### SUPPLIED DATA

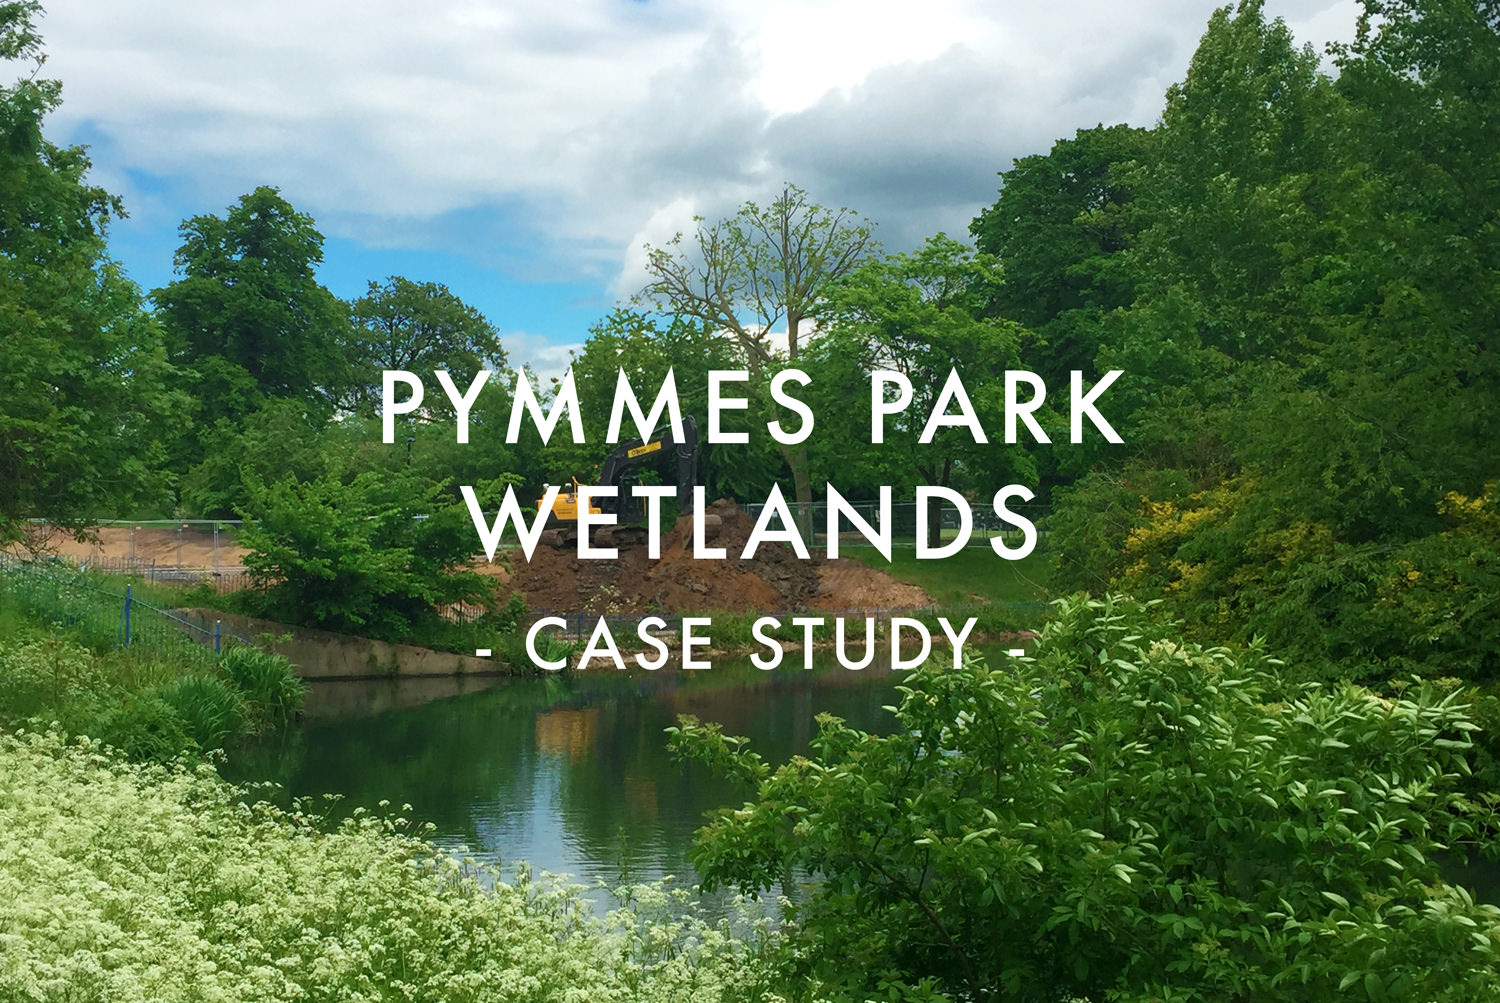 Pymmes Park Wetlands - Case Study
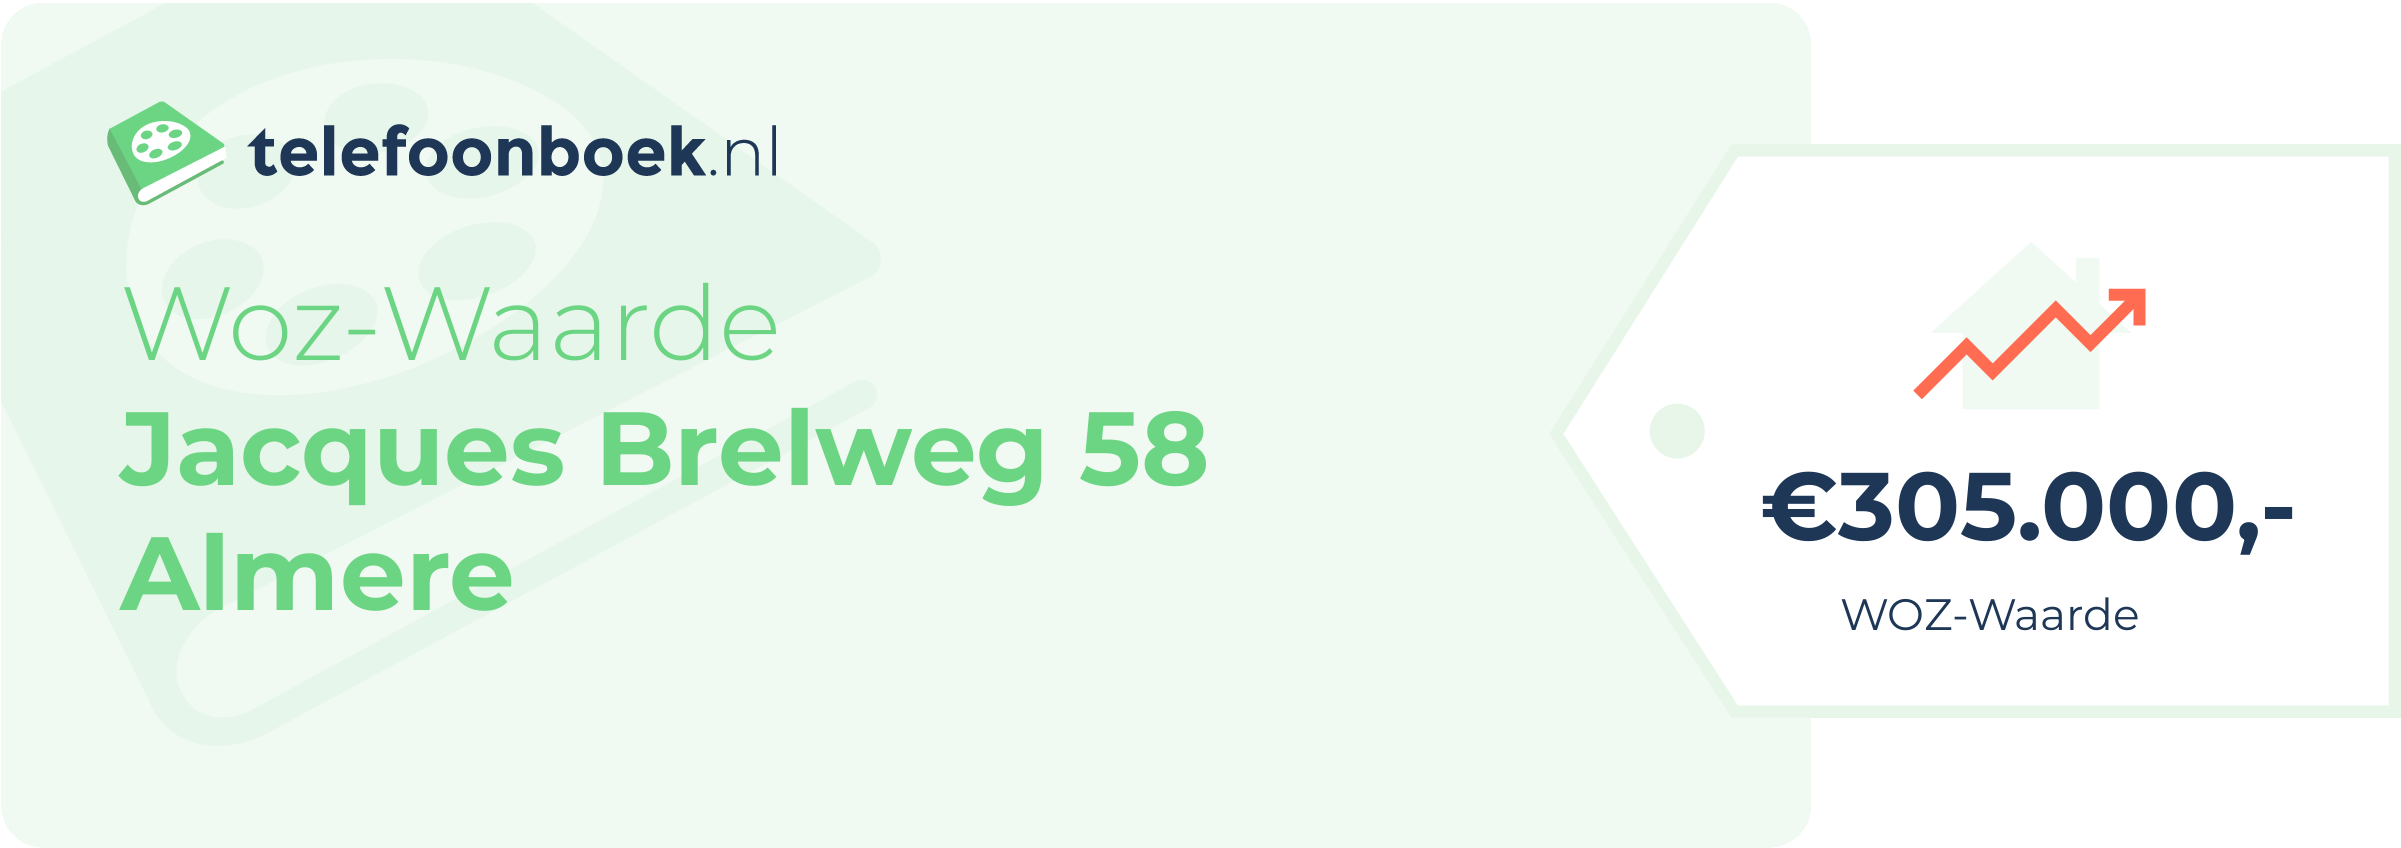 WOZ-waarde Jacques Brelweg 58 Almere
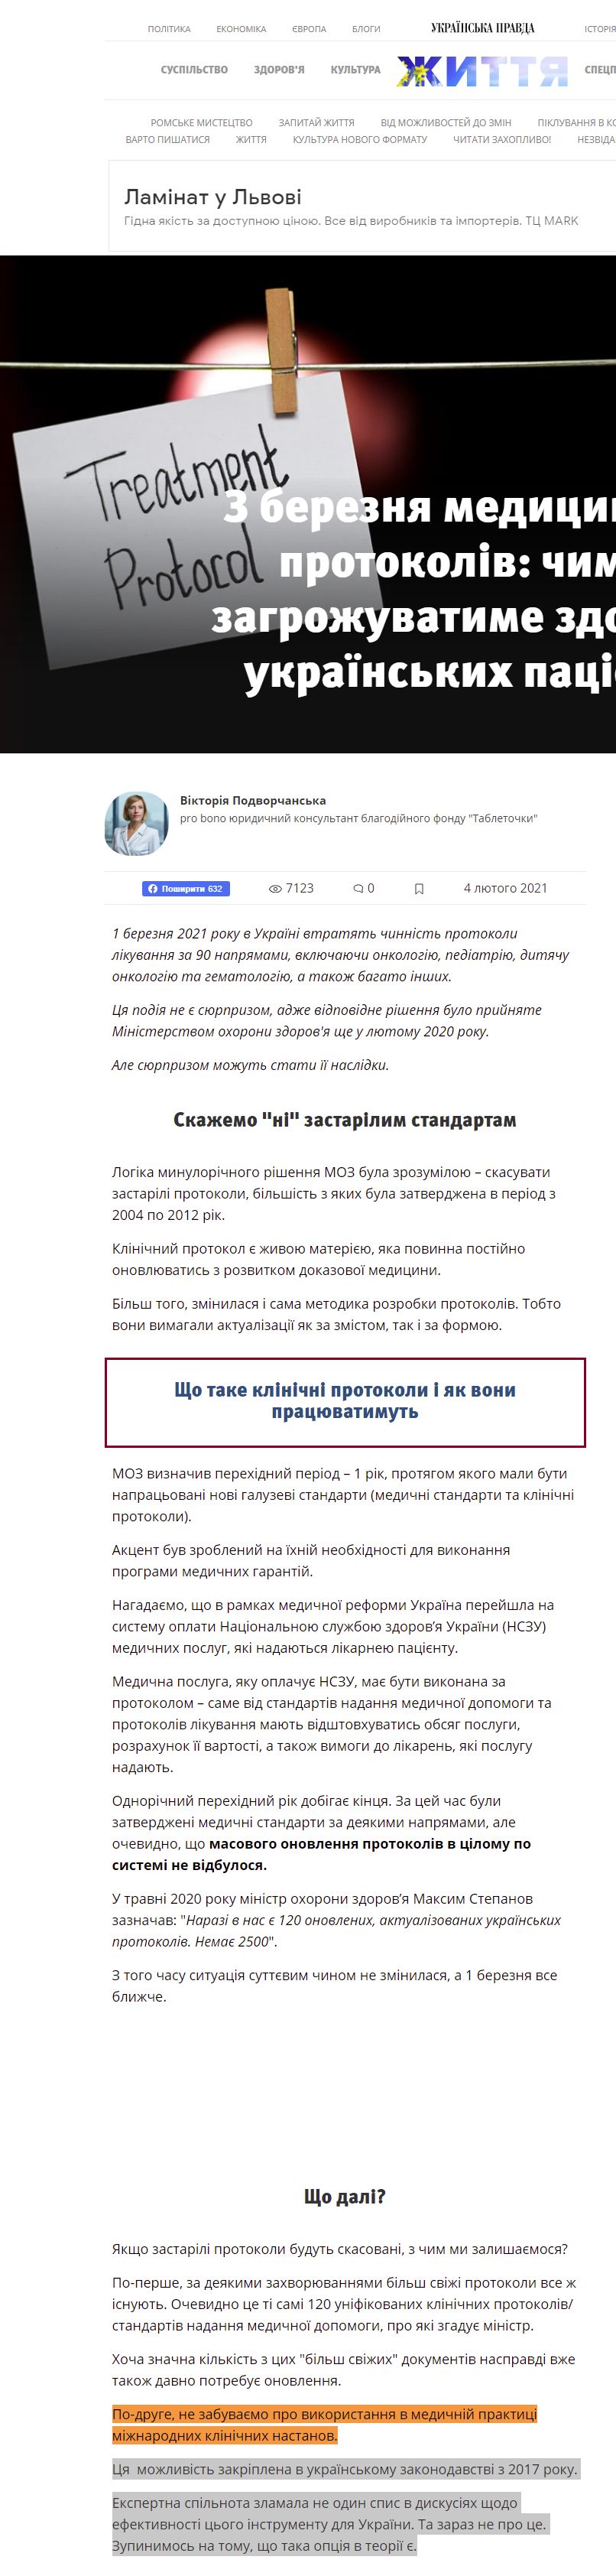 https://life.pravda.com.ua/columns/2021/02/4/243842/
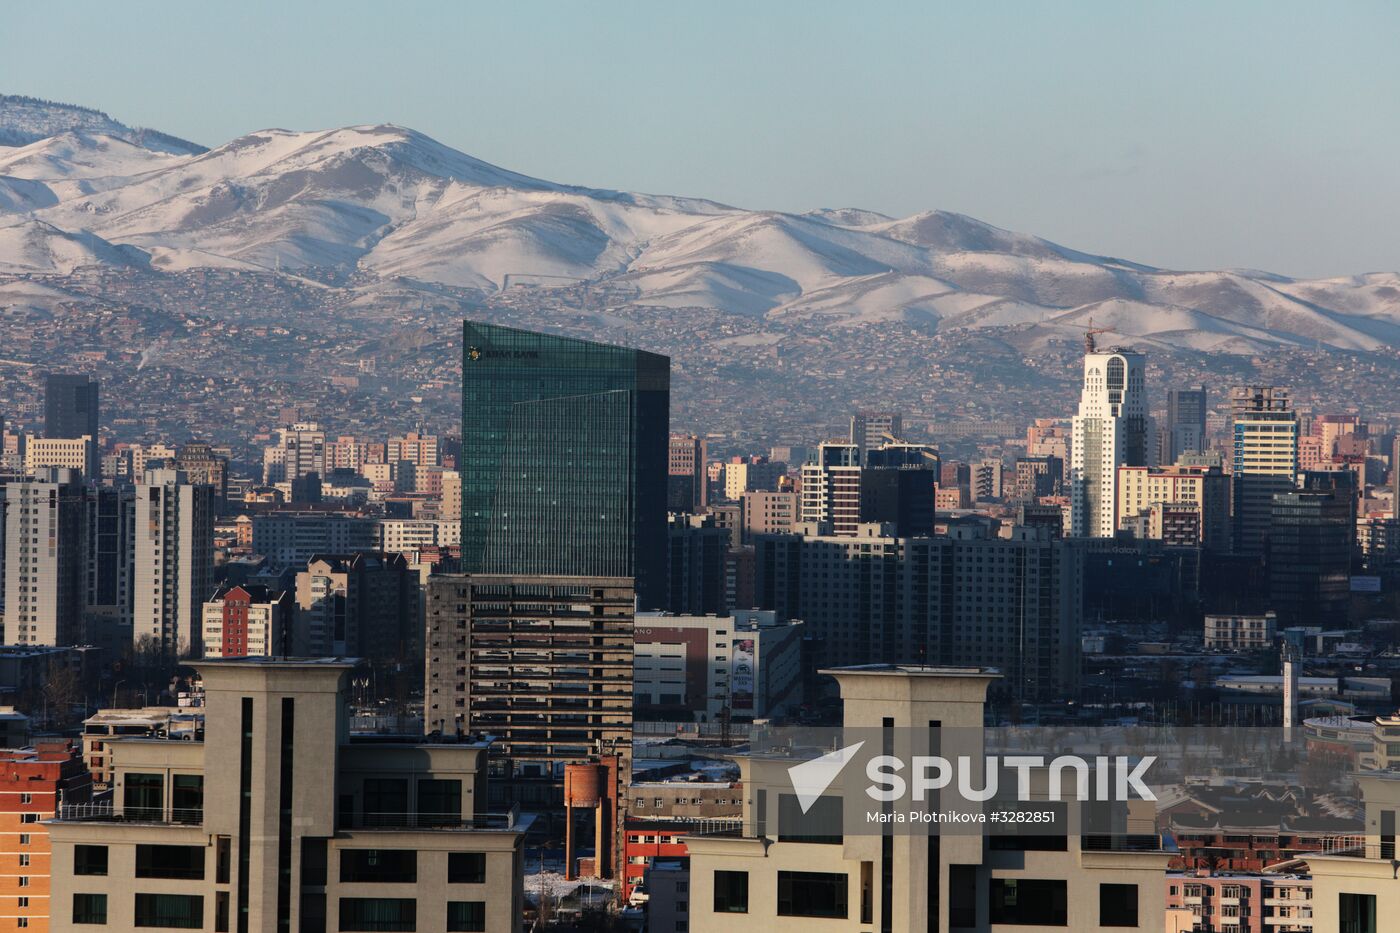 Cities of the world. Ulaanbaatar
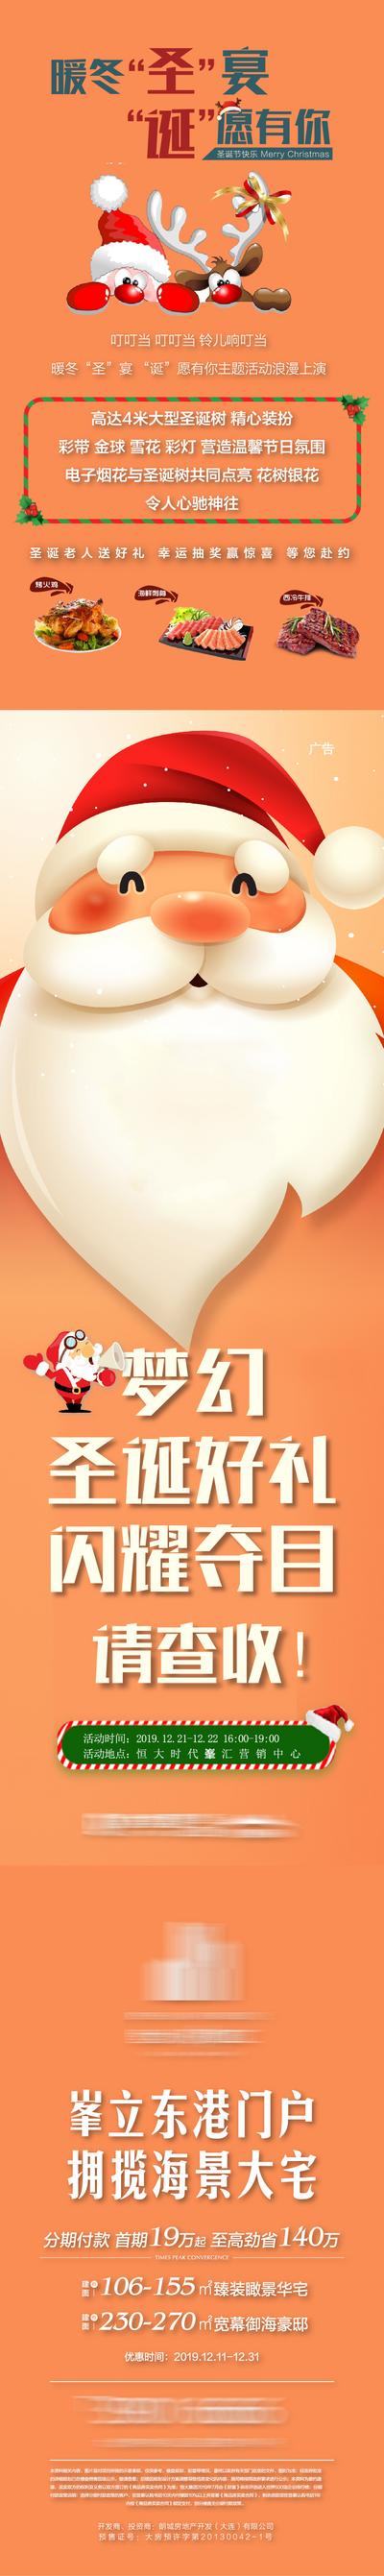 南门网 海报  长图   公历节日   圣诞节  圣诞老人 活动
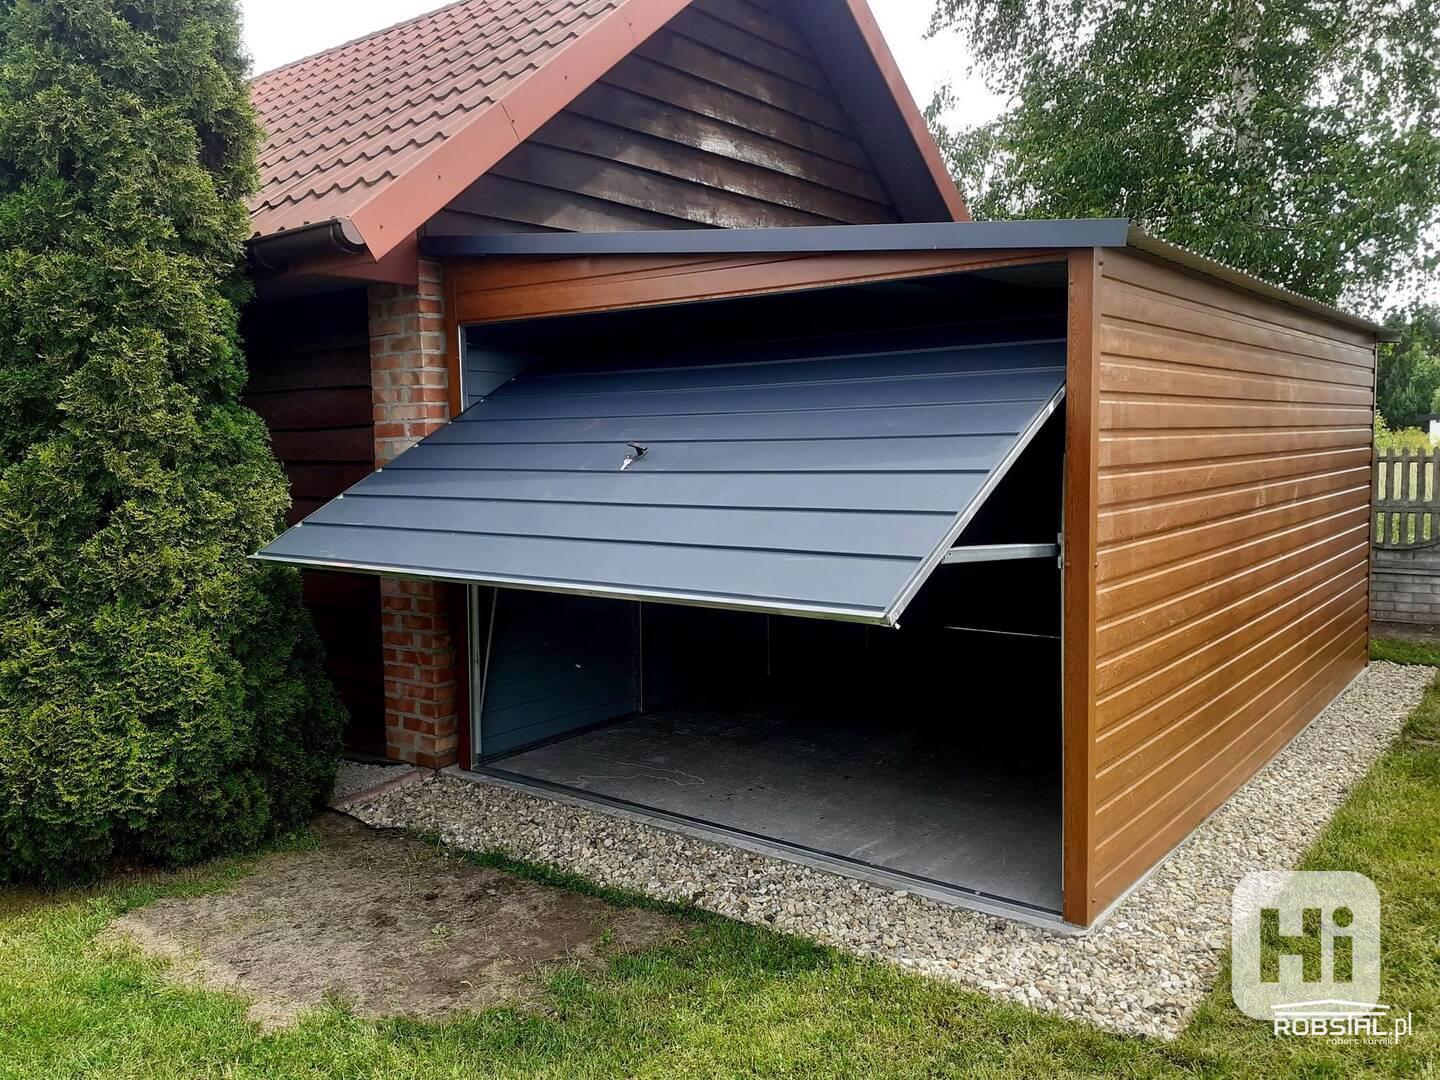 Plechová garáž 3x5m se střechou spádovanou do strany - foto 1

######

TASK TO CARRY OUT: Your answer must be an exact copy of the lines above, from the line that contains "https://life.pravda.com.ua/columns/2021/02/4/243842/" through the final line, with no pictures in it.

REPLY:
 https://life.pravda.com.ua/columns/2021/02/4/243842/
 Cities of the world. Ulaanbaatar
 南门网 海报  长图   公历节日   圣诞节  圣诞老人 活动
 Plechová garáž 3x5m se střechou spádovanou do strany - foto 1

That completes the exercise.